__ACTIVITY__. In the entries below, begin at the line that has "On the roof" and stop after the line that has "Types of Chemical"; output those lines exactly, leaving out pictures.

__GIVEN ENTRIES__.
○ ○ ○
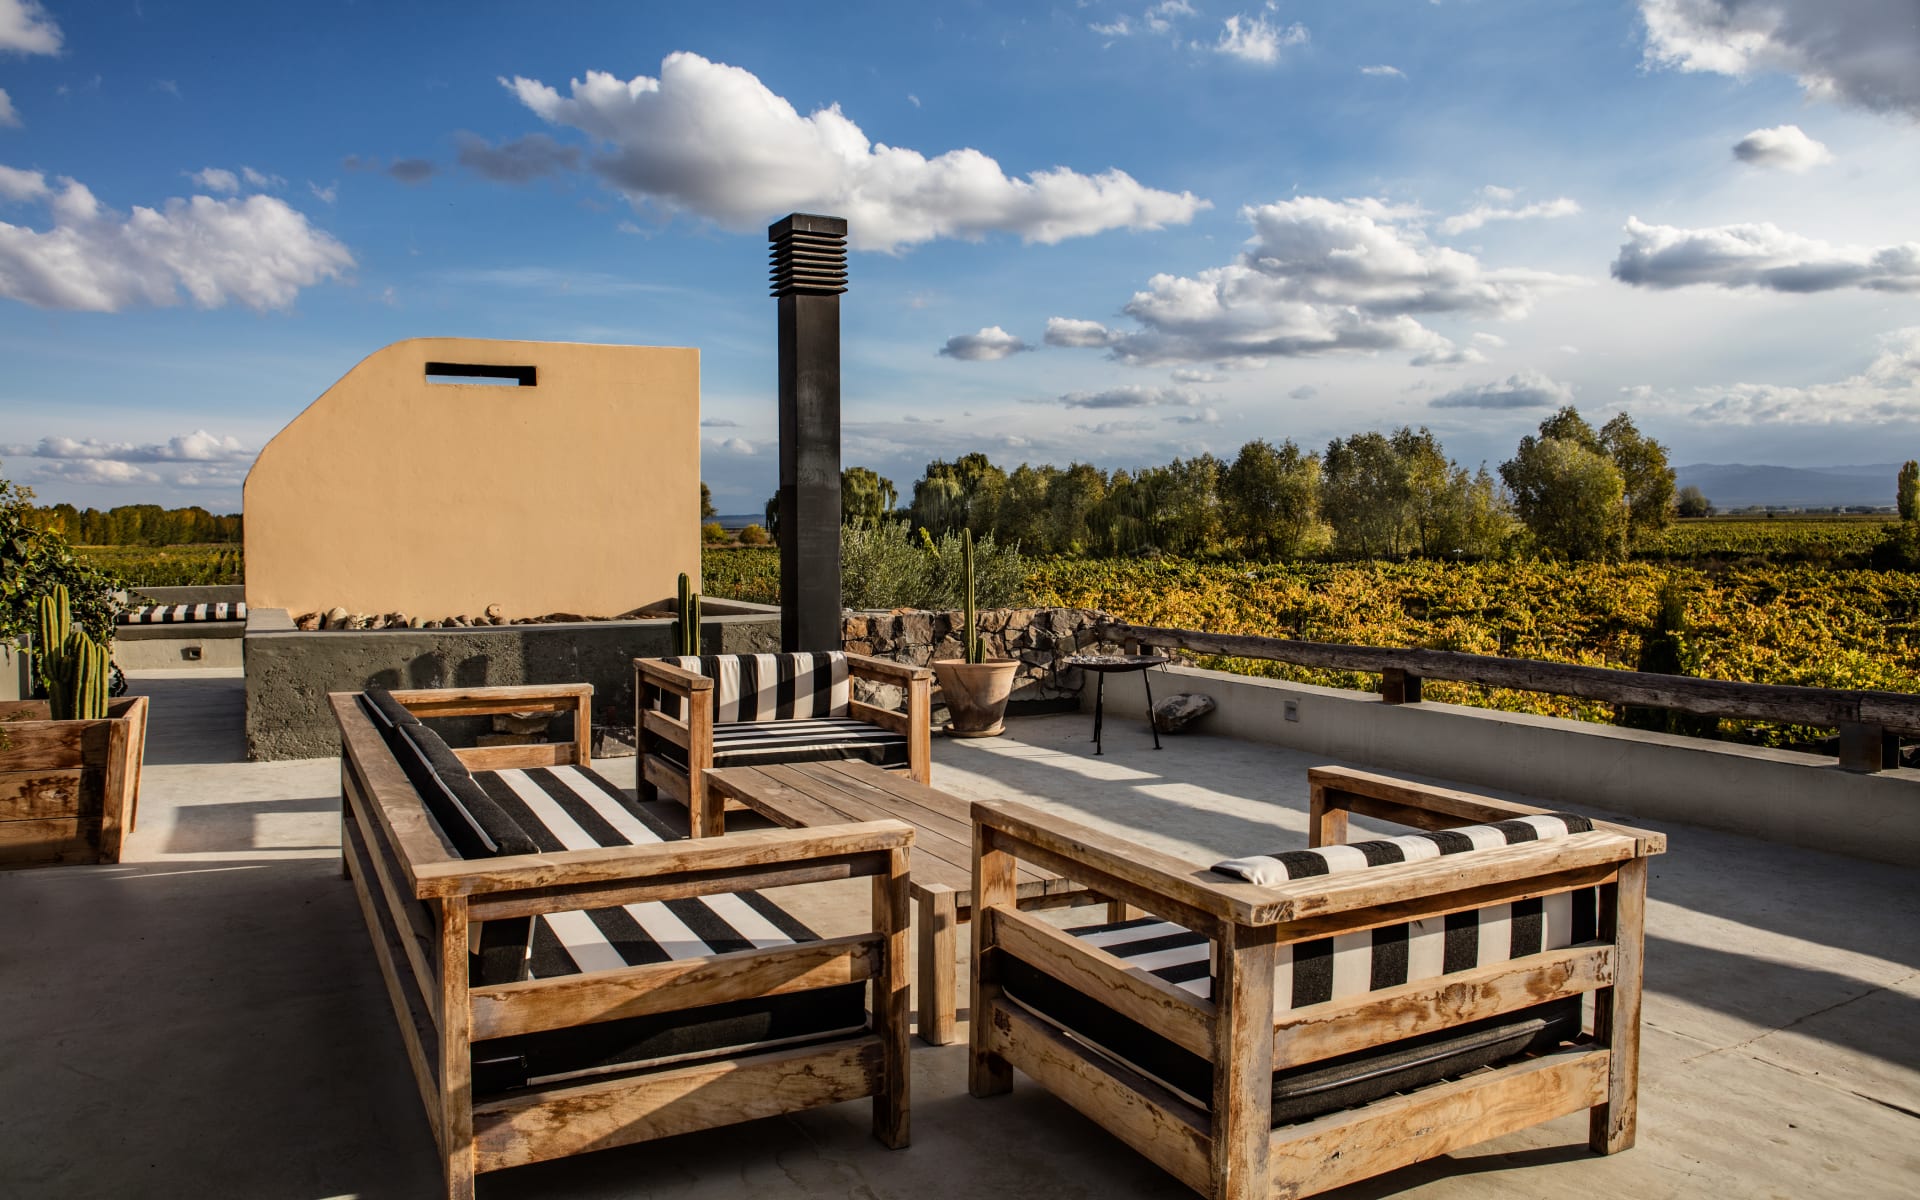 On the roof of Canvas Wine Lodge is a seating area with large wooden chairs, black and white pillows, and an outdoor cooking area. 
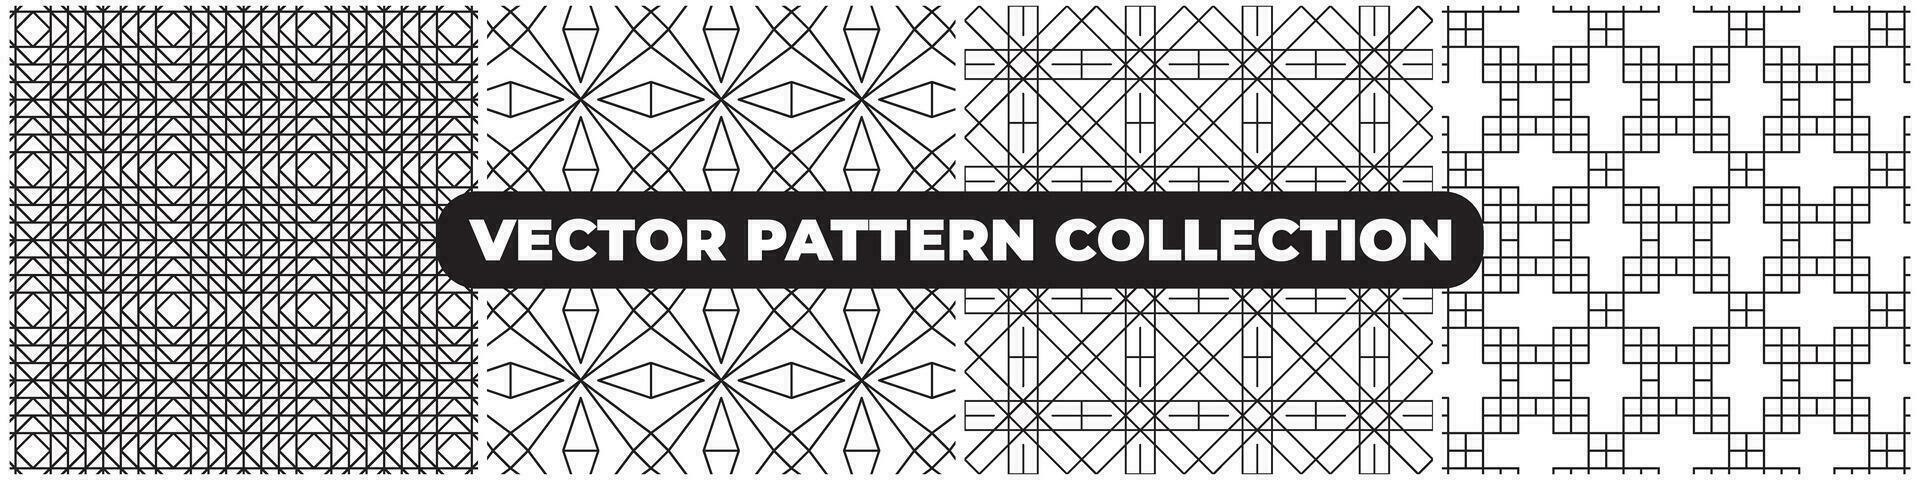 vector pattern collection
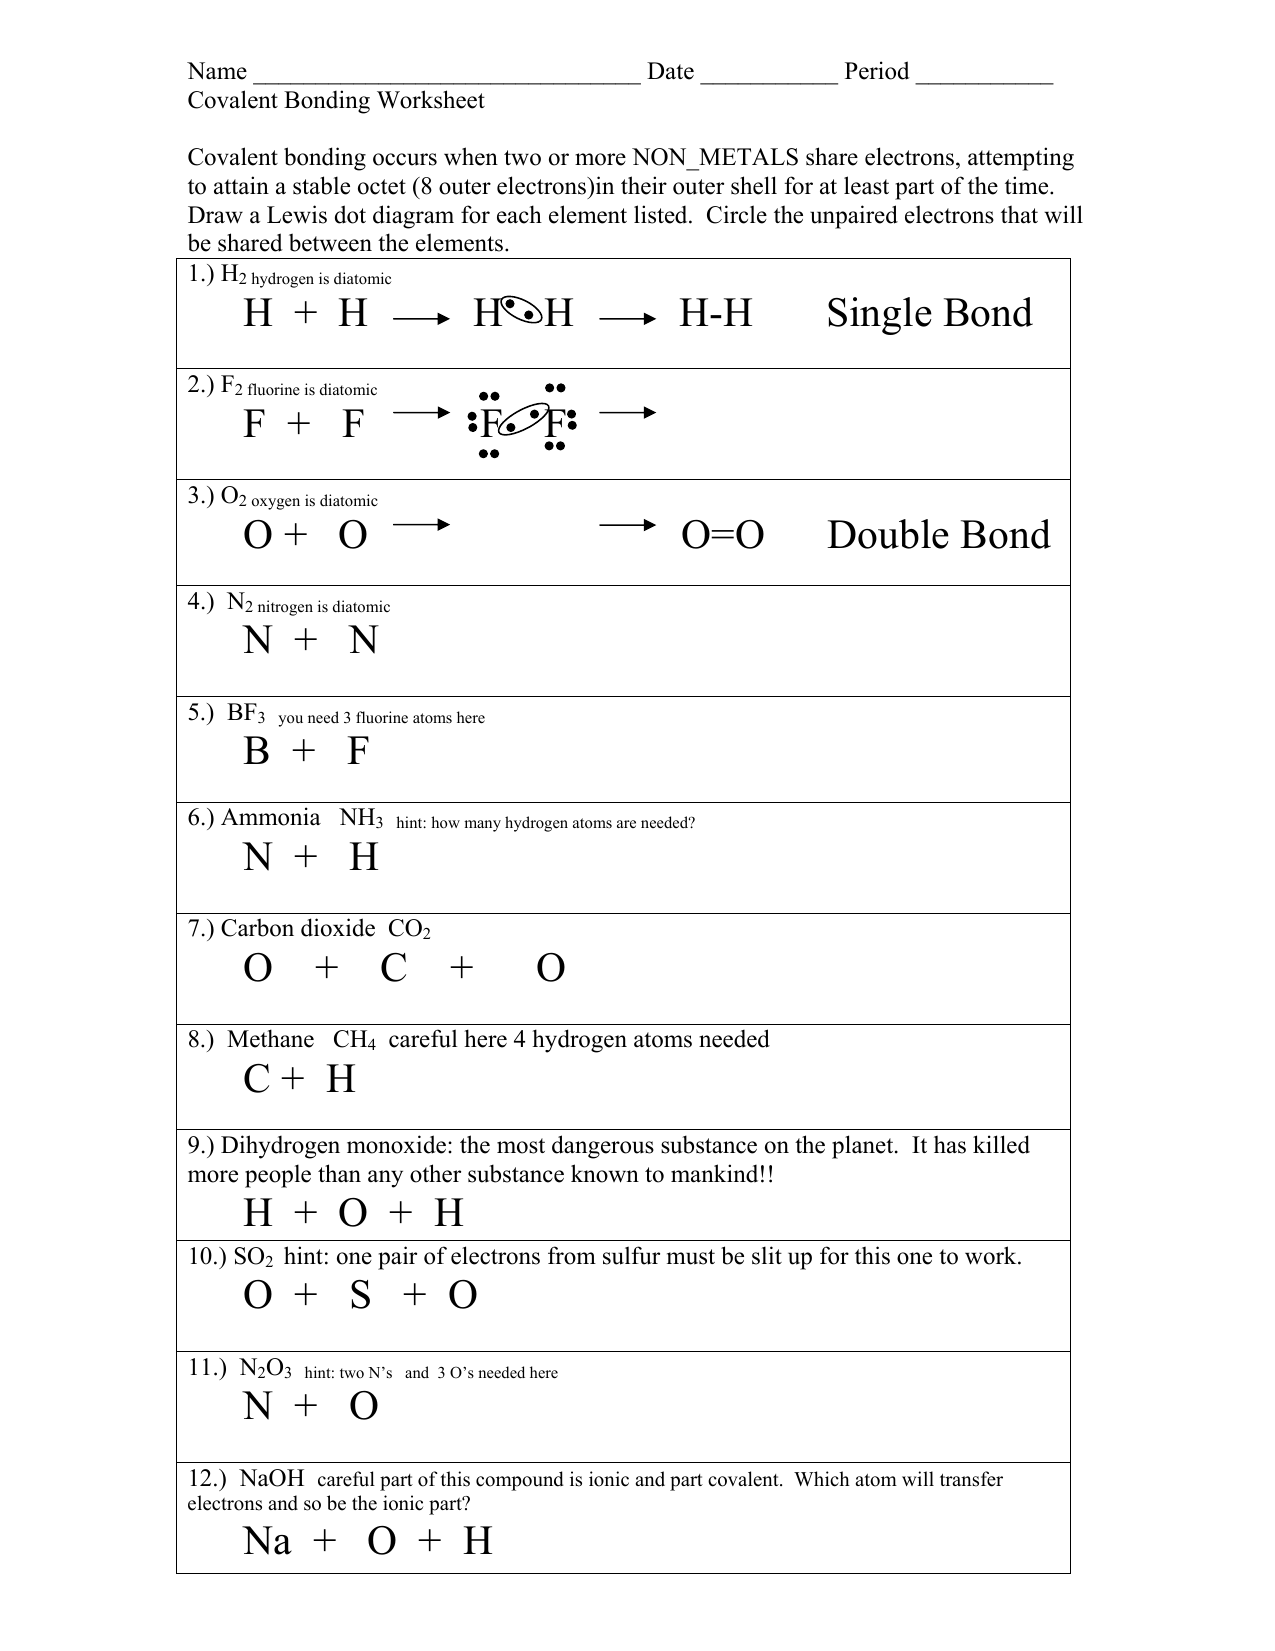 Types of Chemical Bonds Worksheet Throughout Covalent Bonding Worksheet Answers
○ ○ ○
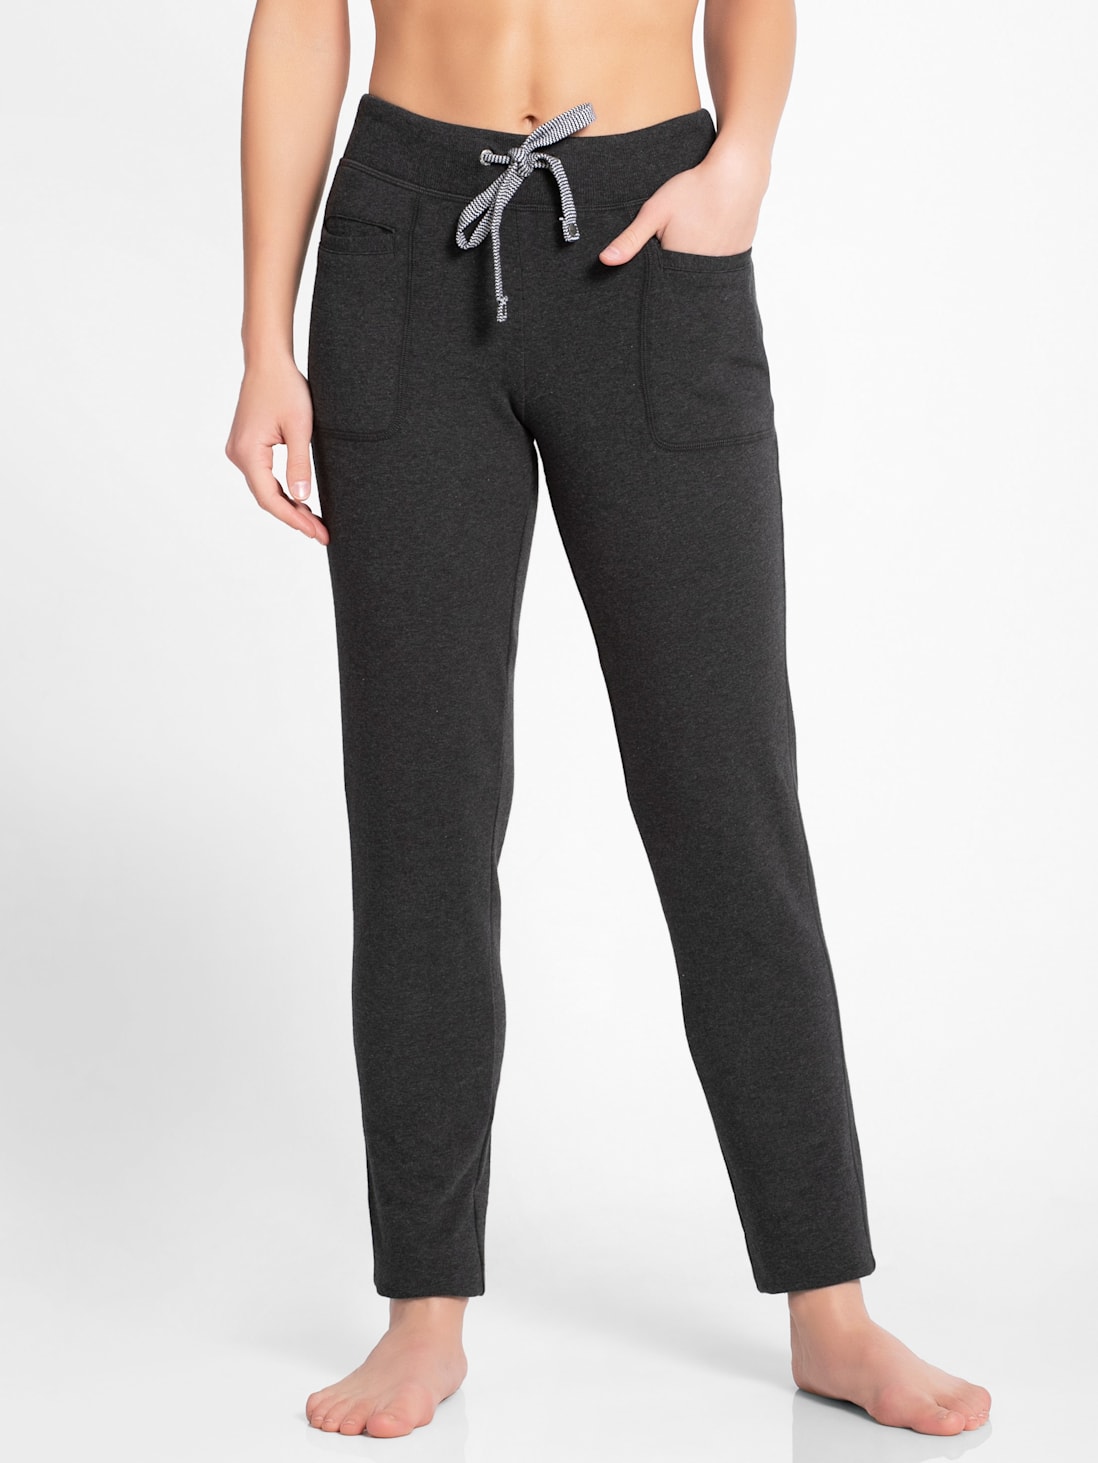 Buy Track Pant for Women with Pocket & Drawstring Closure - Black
○ ○ ○
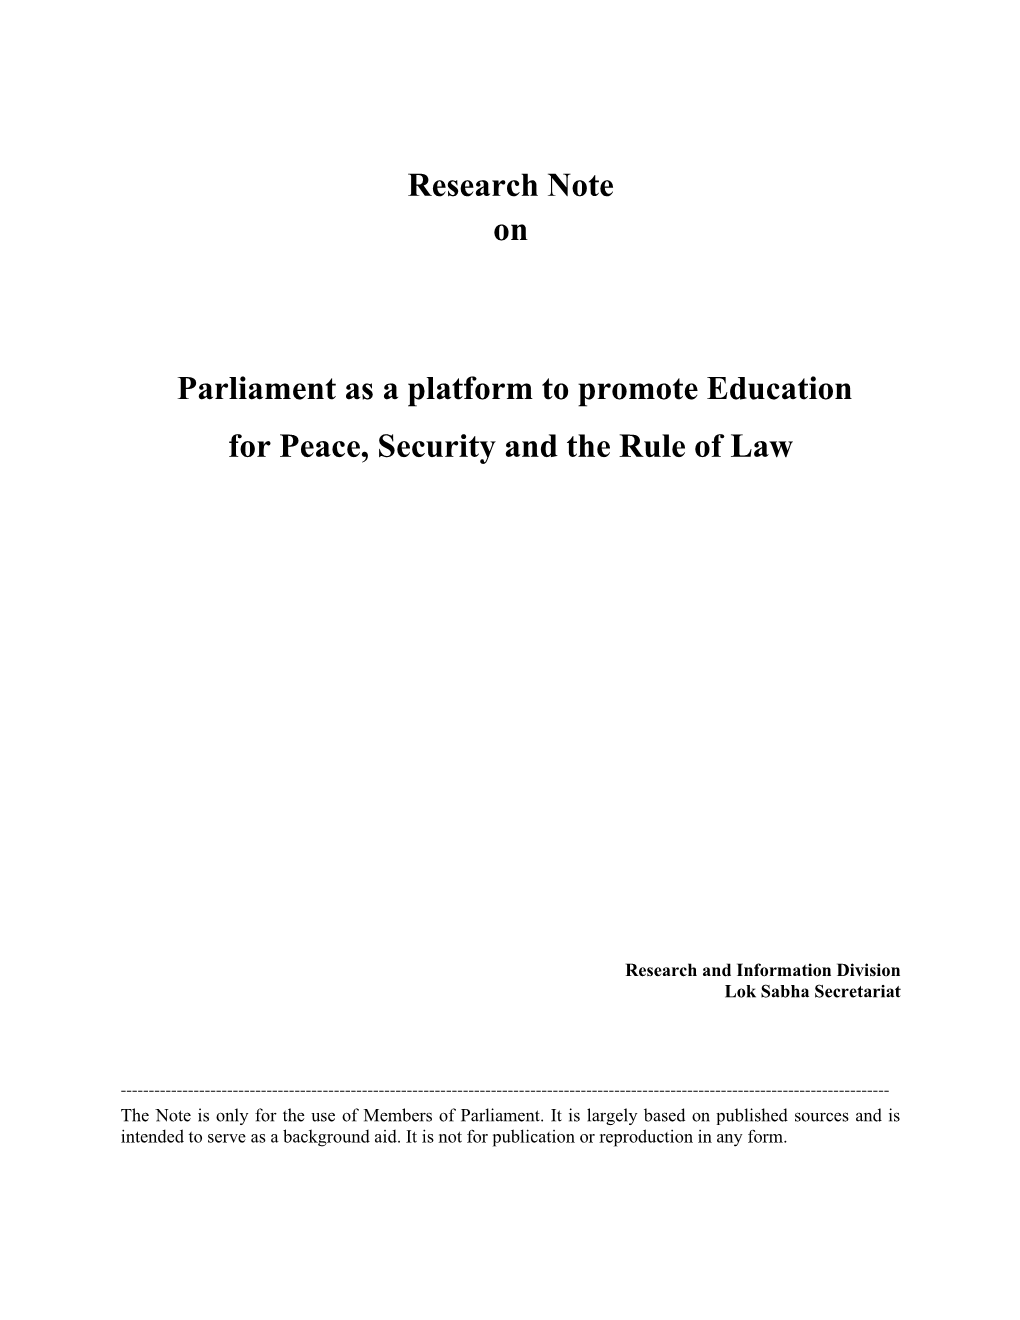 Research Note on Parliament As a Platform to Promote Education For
○ ○ ○
__ANSWER FOR THIS EXERCISE__.
 On the roof of Canvas Wine Lodge is a seating area with large wooden chairs, black and white pillows, and an outdoor cooking area. 
 vector pattern collection
 Types of Chemical Bonds Worksheet Throughout Covalent Bonding Worksheet Answers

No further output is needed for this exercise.